George L. Stearns: Businessman and Abolitionist

Next to the bust of John Brown sits the bust of a man much less recognized but no less noteworthy: George L. Stearns of Medford, Massachusetts. His humility in life promised him obscurity in death, but in truth Stearns had his hands in many of the important political and social issues of his time and could name as friend many who are still remembered today: Ralph Waldo Emerson, Charles Sumner, Louisa May Alcott, John Brown, Lydia Maria Child, Thomas Starr King, Julia Ward Howe, John A. Andrew, and more. Still other famous names were of his acquaintance, including Frederick Douglass, Henry David Thoreau, Abraham Lincoln, James A. Garfield, Andrew Johnson, and Ulysses S. Grant.
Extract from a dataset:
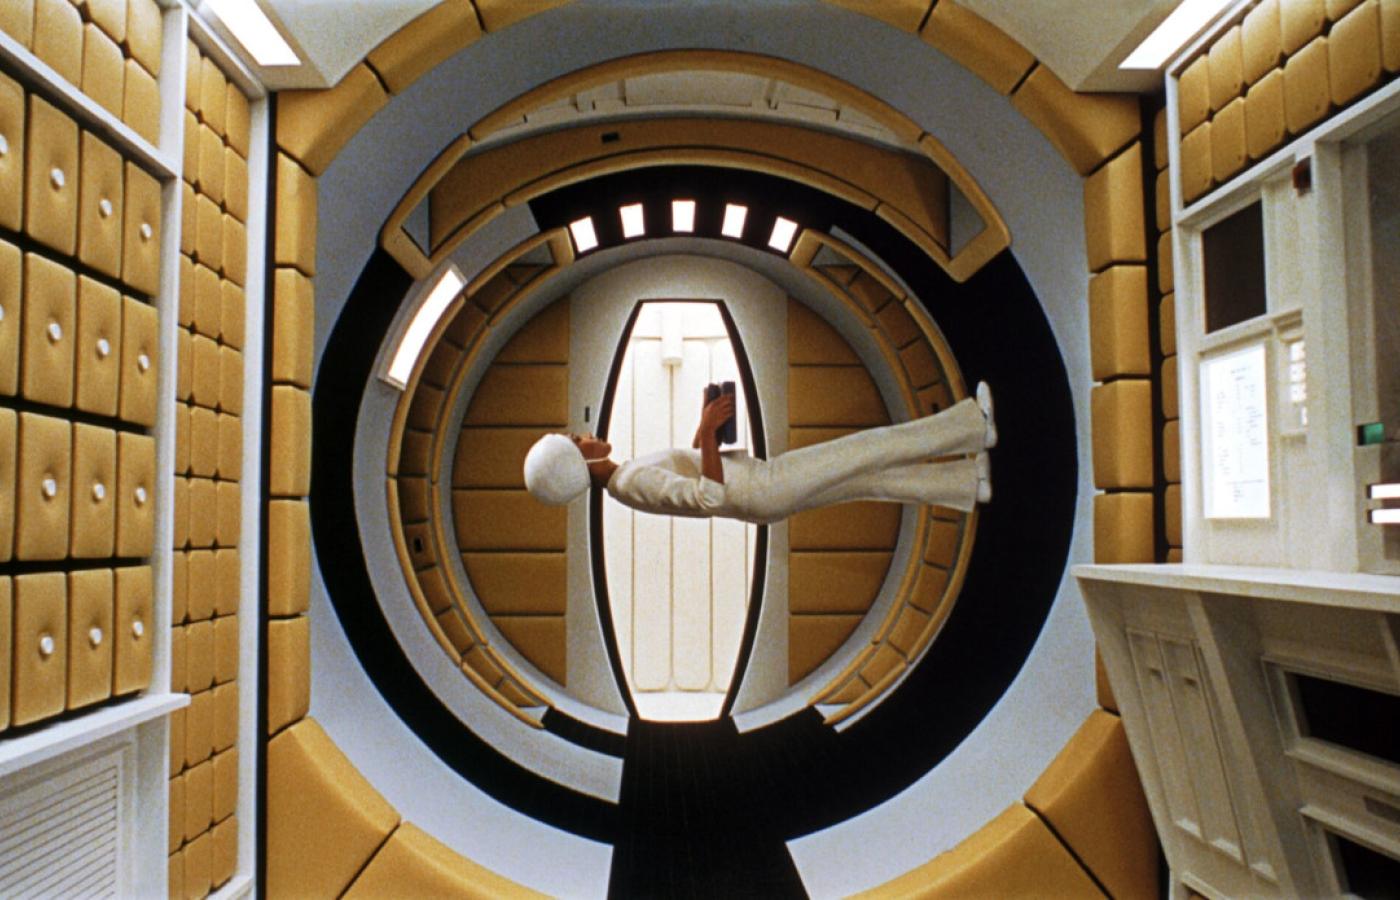 W filmie „2001: Odyseja kosmiczna” Stanleya Kubricka przeciwko ludzkiej załodze statku buntuje się komputer HAL 9000, który zyskał świadomość.

Bust of George L. Stearns (Morse), After Restoration
Image courtesy Tufts University Permanent Collection
George L. Stearns Portrait and Signature
Courtesy of the Medford Historical Society & Museum
Photograph of George L. Stearns
Image courtesy of the West Virginia State Archives, John Brown/Boyd B. Stutler Collection

Tributes to George L. Stearns are few today, but they include two plaques, a poem by John Greenleaf Whittier, and a monument at his gravestone. One is an unremarkable plaque in the Massachusetts State House that is easy to miss even if one knows to look for it.

It reads:

"In Memoriam: George Luther Stearns. A merchant of Boston who illustrated in his life and character the nobility and generosity of citizenship. Giving his life and fortune for the overthrow of slavery and the preservation of free institutions. To his unresting devotion and unfailing hope, Massachusetts owes the Fifty-fourth and Fifth-fifth Regiments of colored infantry, and the federal government ten thousand troops, at a critical moment in the great war. In the darkest hour of the republic, his faith in the people never wavered. Of him Whittier wrote: ‘No duty could overtax him; no need his will outrun; Or ever our lips could ask him; His hands the work had done. A man who asked not to be great; But as he served and saved the state.’ Born in Medford, Massachusetts, January 8, 1809. Died April 9, 1867.”

A well-to-do businessman whose wealth came from his dedication to his businesses, Stearns donated liberally to many causes of the day. However, Ralph Waldo Emerson remarked at his funeral that “unlike other benefactors, he did not give money to excuse his entire preoccupation in his own pursuits, but as an earnest of the dedication of his heart and hand to the interests of the sufferers.... For himself or his friends he asked no reward; for himself, he asked only to do the hard work.”

The Iron: George L. Stearns

George Luther Stearns had been familiar with hard work all this life. He was born in Medford on January 8, 1809, to Luther Stearns, a doctor, and Mary Hall, a devoted Calvinist. His father died when he 11 years old, so from an early age he developed a strong work ethic to provide for his family. His first paid job was as a teenager as a clerk in Brattleboro, Vermont after which he worked at a ship chandlery (supply company) on Boston’s India Wharf. Emerson remembered him as a “man for up-hill work.” As a young adult, he and his brother began a profitable linseed oil manufactory in Medford. When linseed oil sales slumped, he had enough capital to move onto lead pipe manufacturing in Boston, an industry that he remained involved with until the end of his life.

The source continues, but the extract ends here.